Recommended Future Climate Policy – The obvious answer to the historic question: “Would an intelligent individual or head-of-household be willing to spend reasonable levels of their incomes to save the planet?” is yes; provided the costs are truly affordable for average citizens and the carbon reduction investments actually achieve quantifiable targets-benefits.  Since the costs are not insignificant as many politicians/special interests advocate, perhaps it’s time to regroup and develop a climate policy that gives the public a more reasonable return on their investment (increased costs-of-living).  Since the likelihood of actually reducing current world total carbon emissions/atmospheric concentrations appears to be relatively low, a more effective U.S. climate policy should possibly focus on actions that have greater probabilities of benefiting the general public. 

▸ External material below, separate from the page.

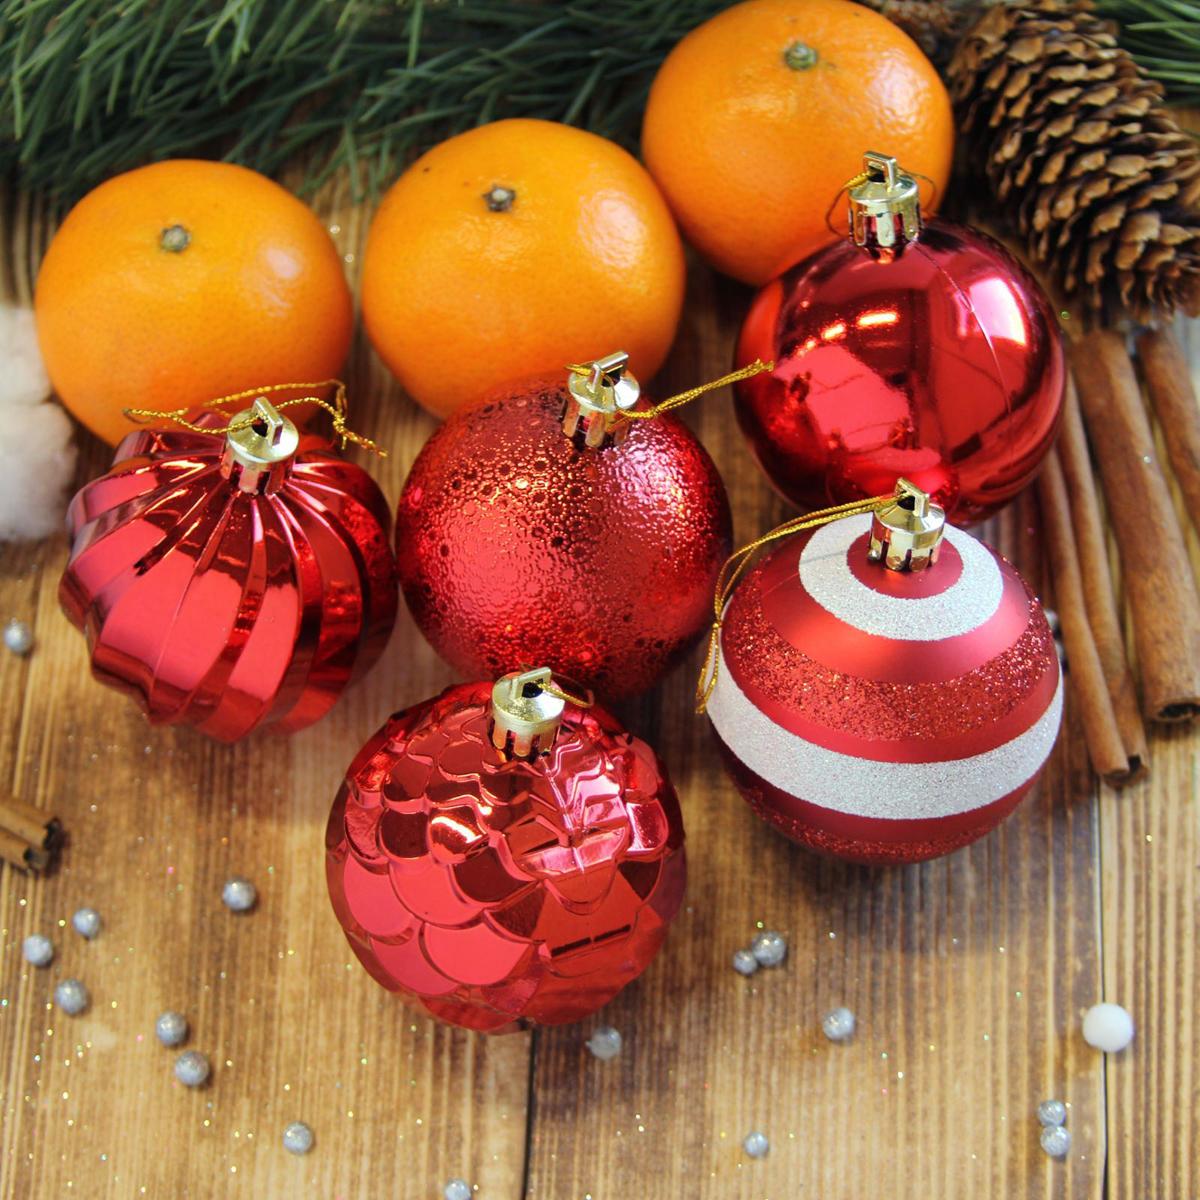 Набор новогодних подвесных украшений Sima-land Элит, диаметр 6 см, 20 шт2123022Невозможно представить нашу жизнь без праздников! Мы всегда ждём их и предвкушаем, обдумываем, как проведём памятный день, тщательно выбираем подарки и аксессуары, ведь именно они создают и поддерживают торжественный настрой.

An improved climate policy approach could require all future carbon reductions come from real domestic fossil fuel consumption reductions, and all fossil fuel-carbon reductions should initially be based on actions that directly reduce the highest risk U.S. petroleum imports.  This recommended ‘carbon reduction-energy security’ improvement strategy would effectively ‘hedge’ the benefits & risks of reducing U.S. carbon emissions.  The risks of Developing countries or carbon leakage readily off-setting all future reductions in U.S. carbon emissions would be hedged or countered by the benefits of increased energy security such as mitigating the continuing risk of Iran shutting down the Strait of Hormuz.  In addition high priority needs to be placed on ‘adaptation’ to the likely inevitable future increases in global temperatures (Re. Delaware/EPA adaptation plan example).  This generally means relocating-rebuilding all structures at greatest risk to safer (higher) ground.  All at risk shorelines and flood plains should ideally be restored to their nature states for the enjoyment of future generations.

In Conclusion – Many individuals may disagree with the growing evidence that substantially reducing future U.S. carbon emissions can have relatively small or possibly insignificant benefit towards mitigating future atmospheric carbon concentrations and climate change.  With the current state of the U.S. economy should we blindly commit huge resources ($Trillions) to ineffective carbon reduction policy-strategies, and still face probable impacts and potentially enormous costs of future climate related disasters?

The debate on climate change/global warming may be over, but the solutions to dealing with possibly uncontrollable carbon emissions from Developing and some Developed countries warrants much more critical evaluation than many special interests or the Federal Government have completed to date.